4. Pick or synthesize. Keep the better implementation wholesale, or cherry-pick the stronger half of each. A fresh red-team session reading both, cross-context, is well placed to judge which is sounder — and to flag where both got it wrong, which is the signal that your spec, not the models, was the problem.

A staff engineer's real-world run

A payments team needs an idempotency layer so retried charge requests never double-charge. High blast radius, easy to get subtly wrong — the exact profile where role-splitting pays for itself.

Plan. The lead opens Claude Code with claude --permission-mode plan and iterates on the approach until PLAN.md reads as eight numbered, testable steps: idempotency-key schema, storage with TTL, the dedup check, the race between concurrent retries, and a test per step. Plan mode never touched a file — the debate happened in words. Plan review: before any code, they pipe REQUIREMENTS.md + PLAN.md into a fresh Codex session with --sandbox read-only. It flags that the plan never specifies behavior when the same key arrives with a different request body — a real gap, fixed in the plan in two minutes. Caught in code, that is a production incident.

Execute.
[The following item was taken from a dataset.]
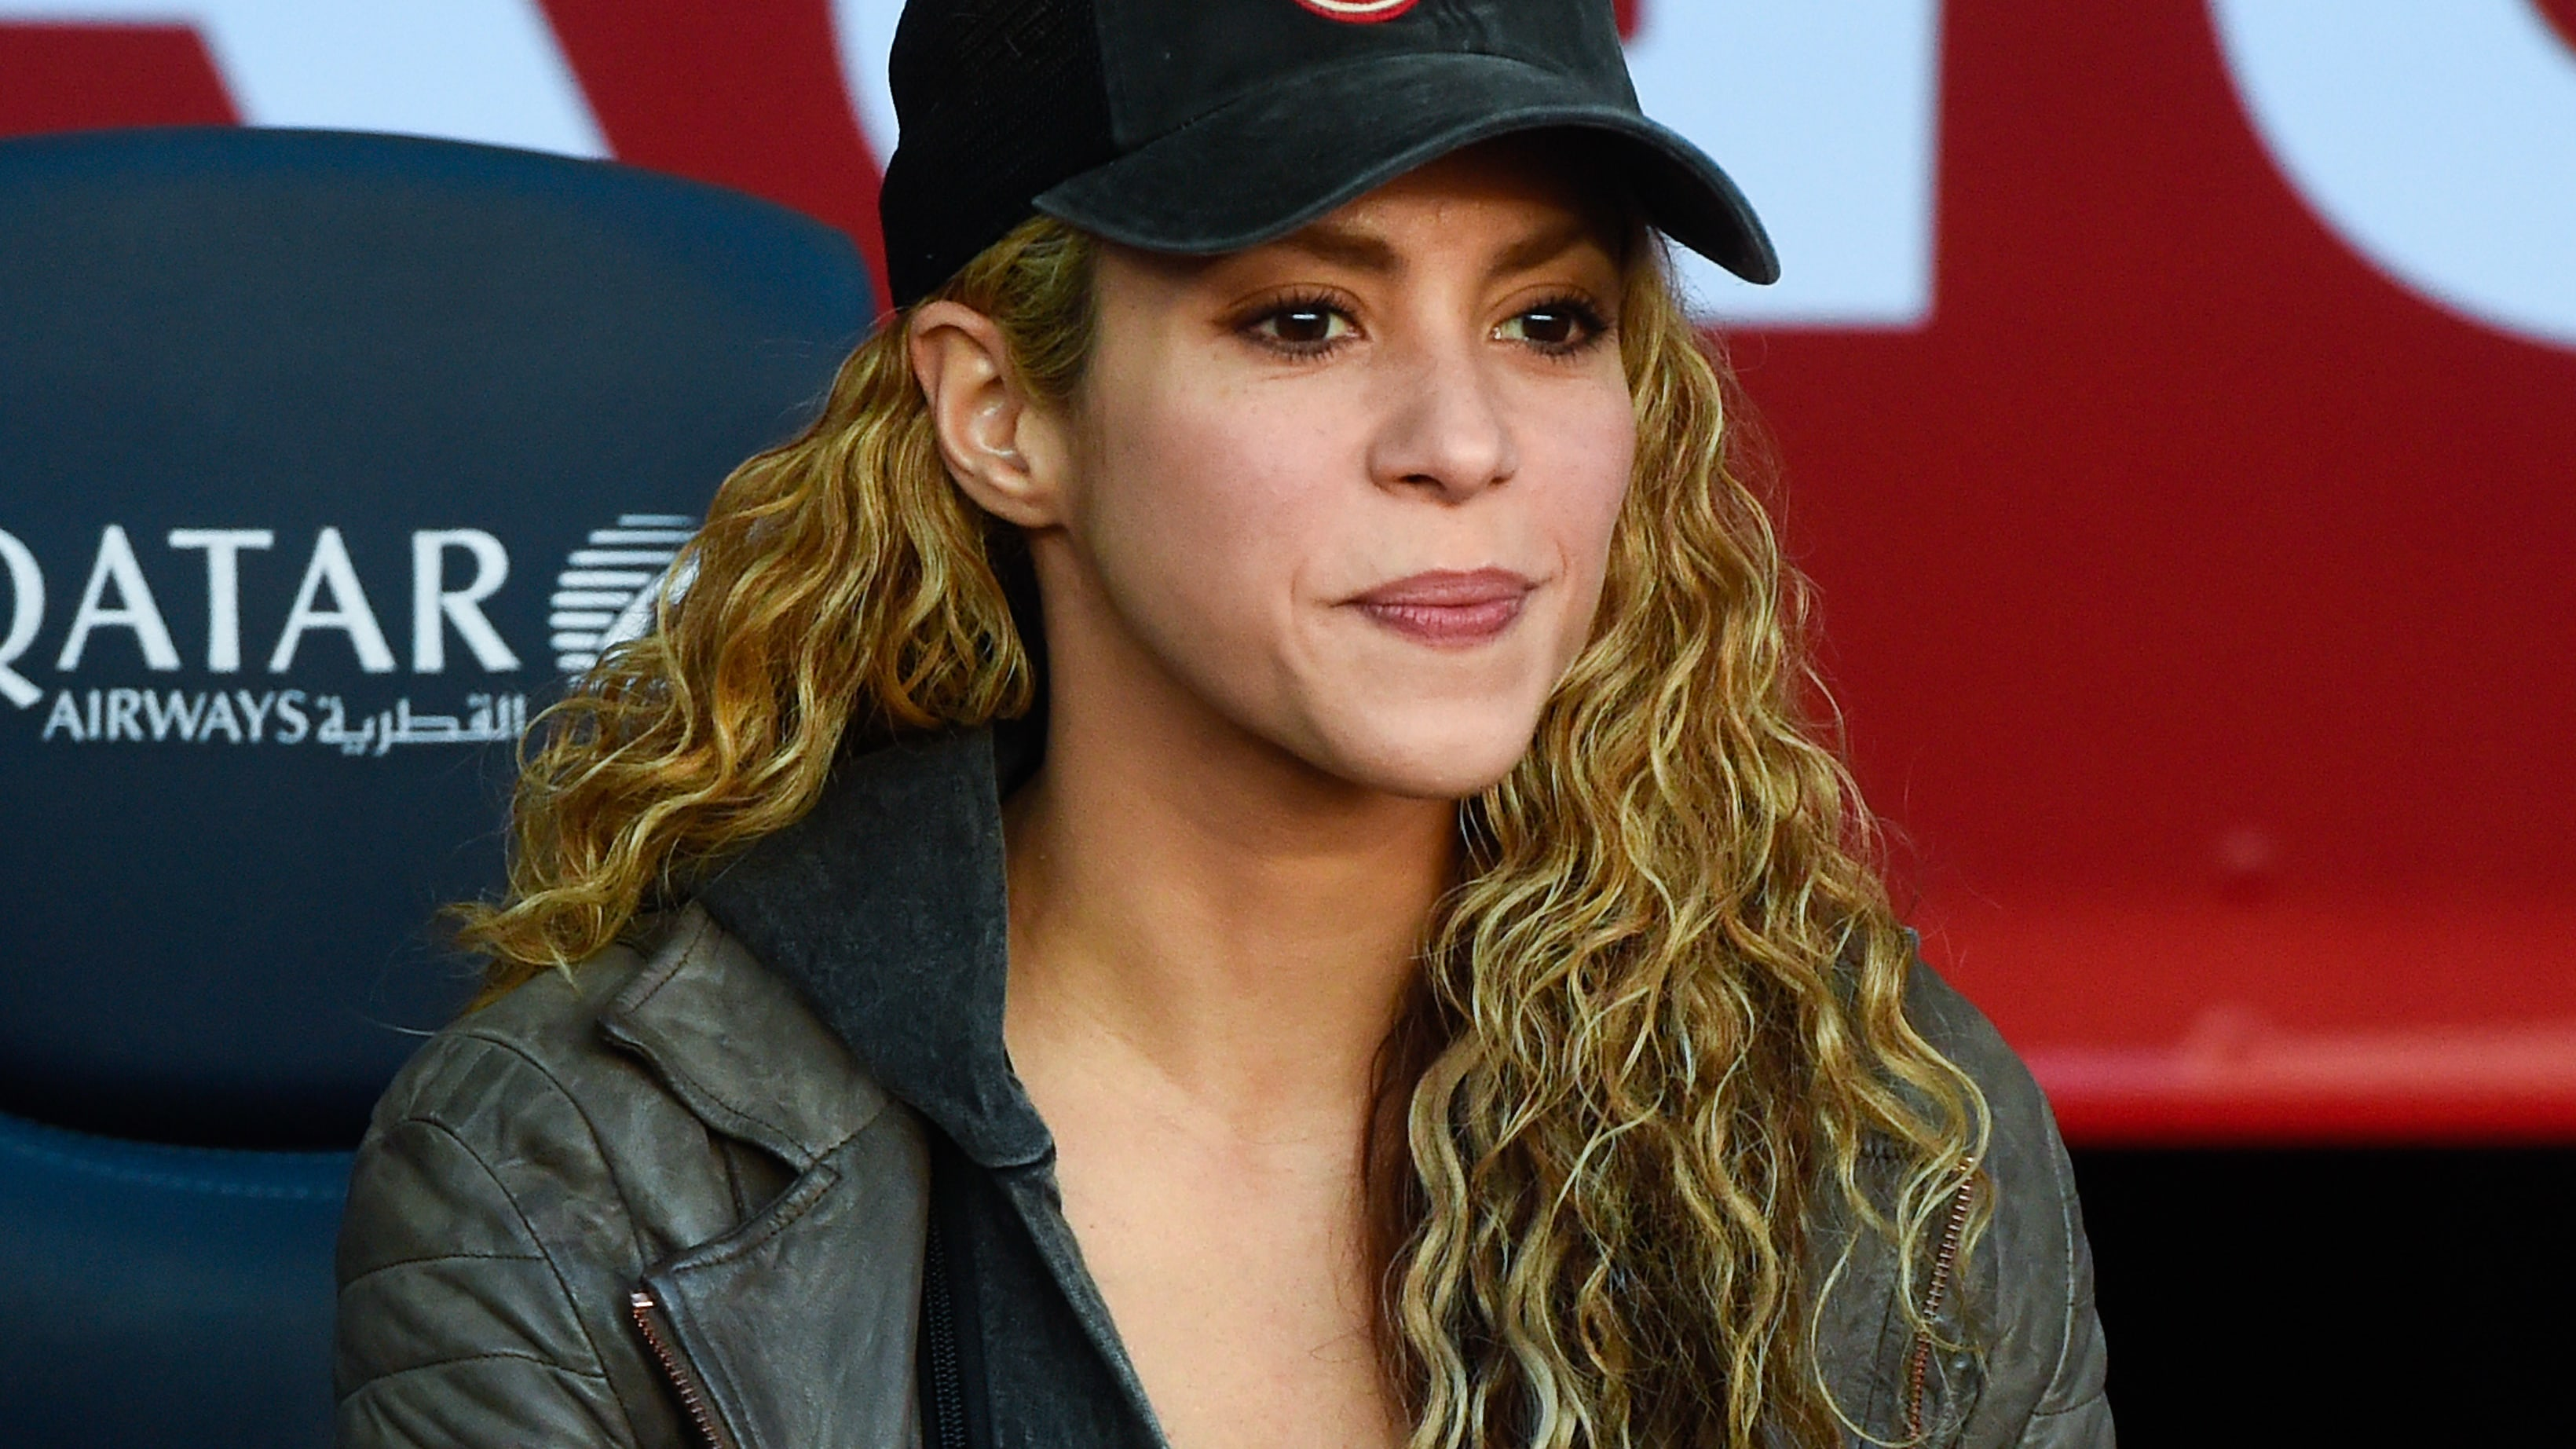 BARCELONA, SPAIN - NOVEMBER 28:  Shakira looks on ahead of the La Liga match between FC Barcelona and Real Sociedad de Futbol at Camp Nou on November 28, 2015 in Barcelona, Spain.  (Photo by David Ramos/Getty Images)

PLAN.md is copied into an impl worktree; codex exec --sandbox workspace-write implements it section by section, running the suite after each file and halting on the first red. Step 4 (the concurrent-retry race) fails its test twice before passing — exactly the step the plan made explicit so it could not be skipped.

Red-team, 2 rounds. Round 1: git diff main...impl | claude -p --append-system-prompt "You did NOT write this code…" — a different model, cold. It finds the TTL is refreshed on every read, so a hammered key never expires: a slow memory leak no test covered. Fixed. Round 2 in a new session (not a continuation — the arXiv point) comes back clean. The layer ships. The bug that would have paged someone at 3am was caught by a model that never wrote a line of it.